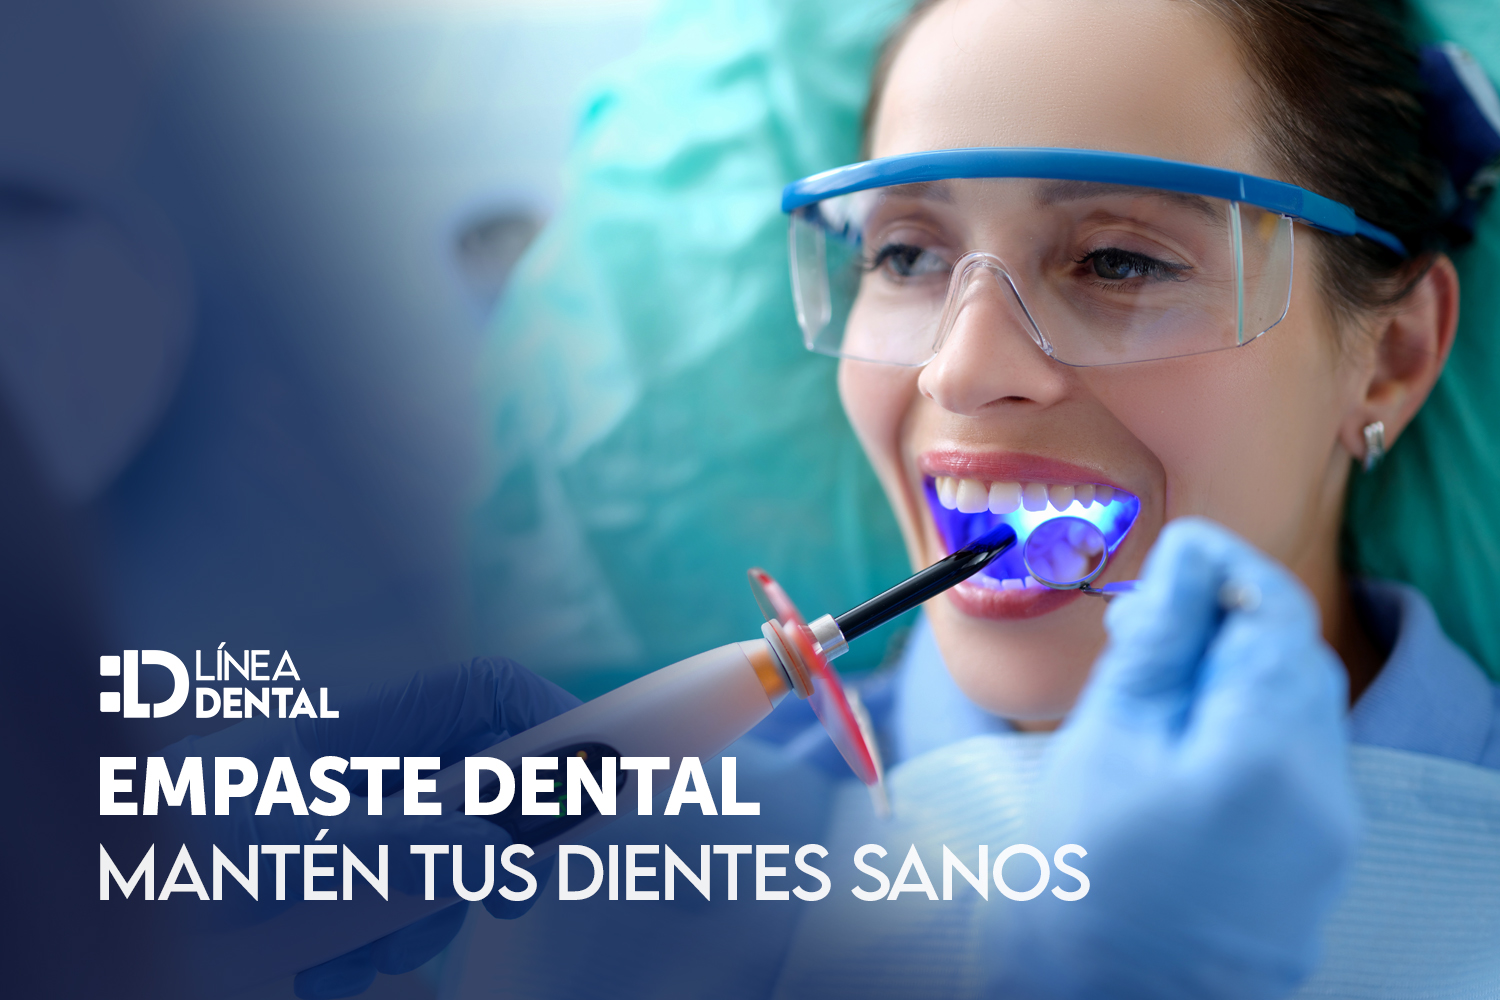 empaste-dental-dentista-odontologo-linea-dental-ciudad-real-miguelturra
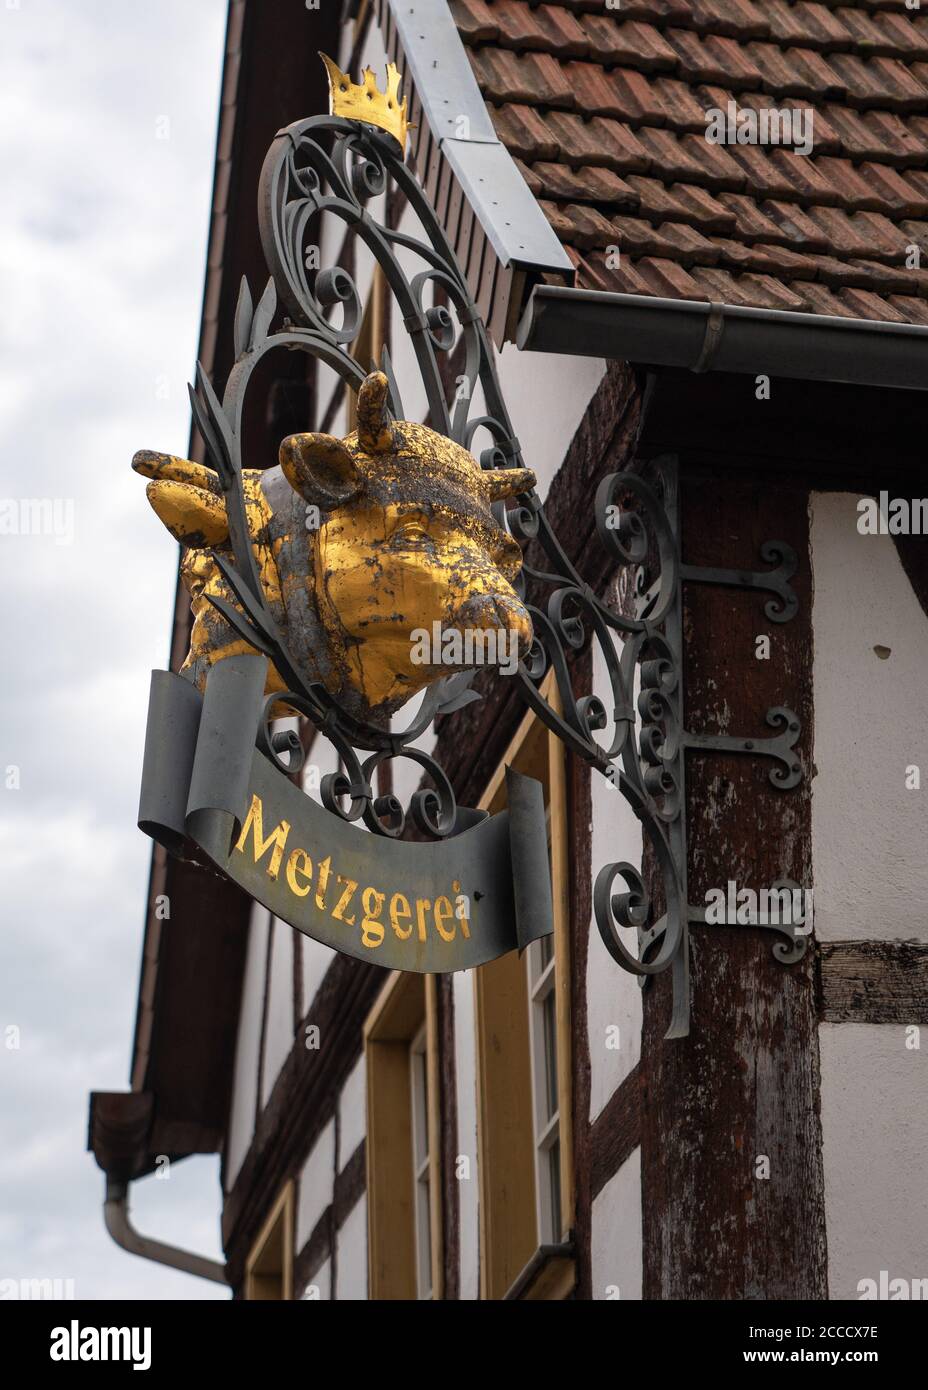 BAD SOBERNHEIM, ALLEMAGNE - 25 juin 2020 : image rapprochée d'un ancien bouclier de nez traditionnel avec l'inscription boucherie, Bad Sobernheim, Allemagne Banque D'Images
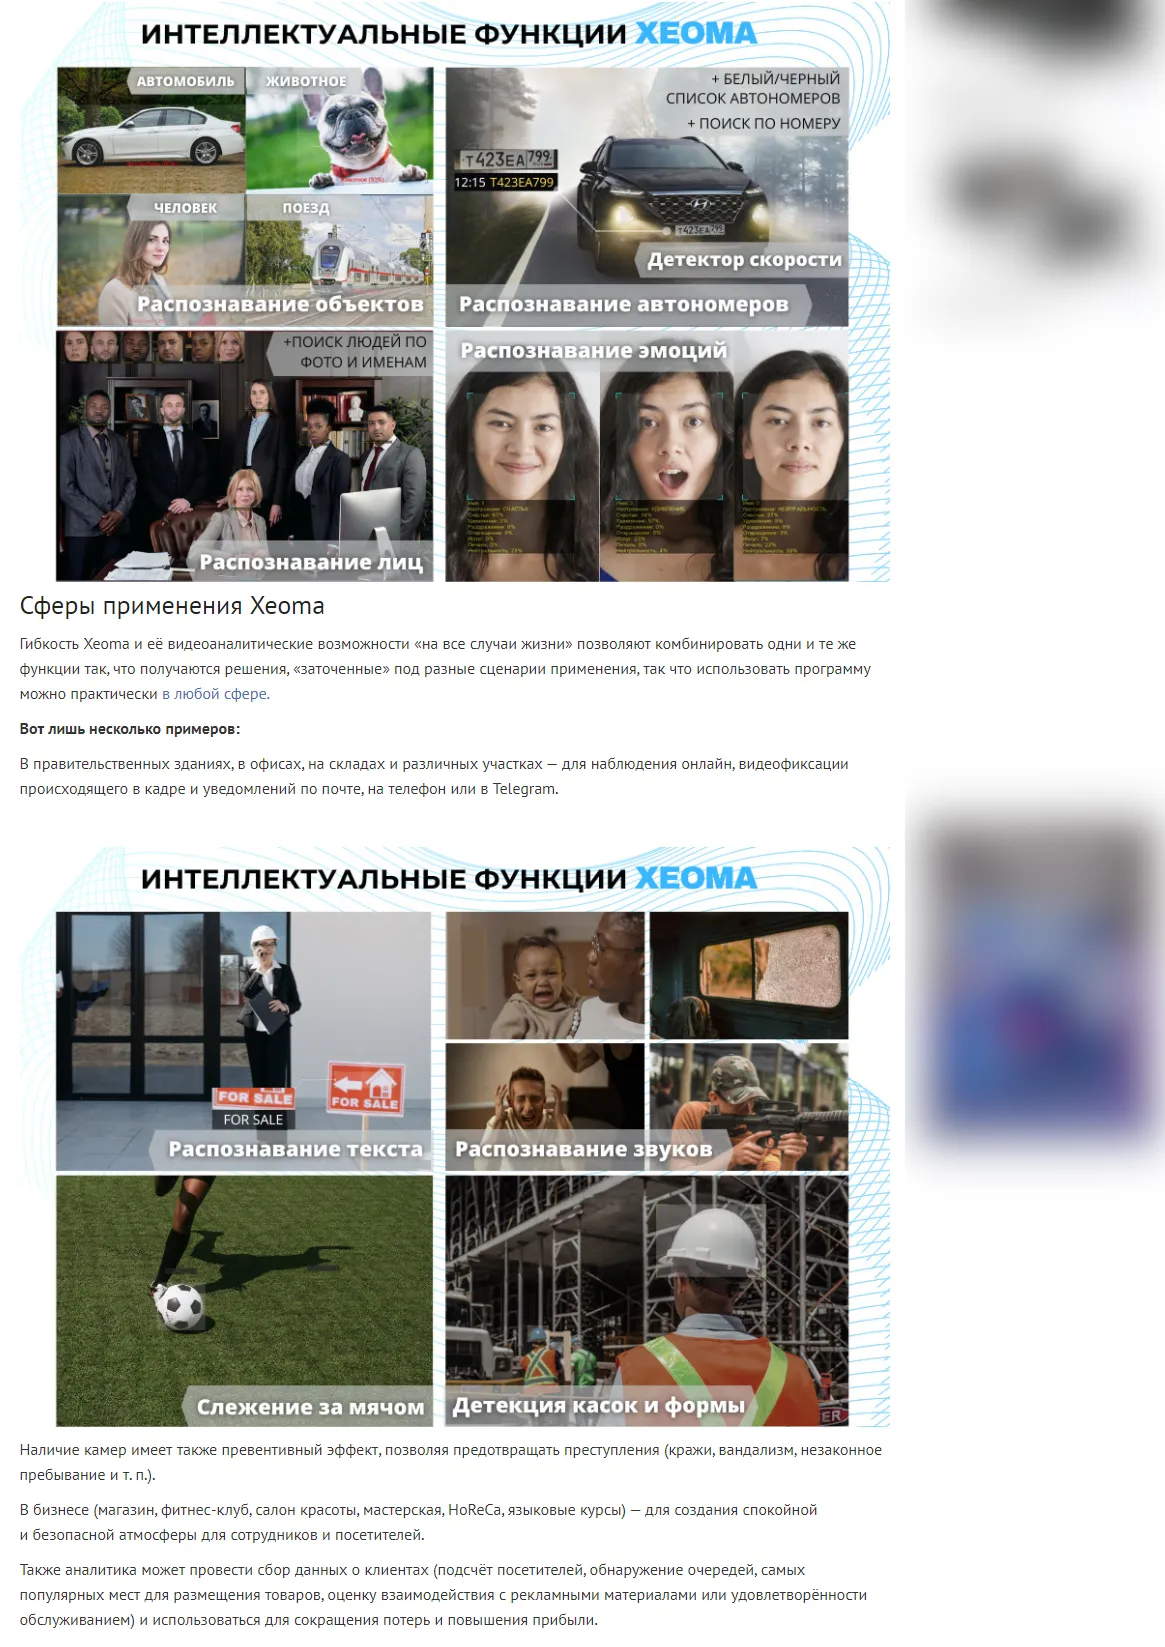 Статья о программе видеонаблюдения Xeoma на портале Новый Калининград. Распознавание лиц и автономеров

────────────────────

Try it ▸ Word for word, copy every line of the data, excluding any pictures.

Exercise response ▸
 empaste-dental-dentista-odontologo-linea-dental-ciudad-real-miguelturra
 BAD SOBERNHEIM, ALLEMAGNE - 25 juin 2020 : image rapprochée d'un ancien bouclier de nez traditionnel avec l'inscription boucherie, Bad Sobernheim, Allemagne Banque D'Images
 Статья о программе видеонаблюдения Xeoma на портале Новый Калининград. Распознавание лиц и автономеров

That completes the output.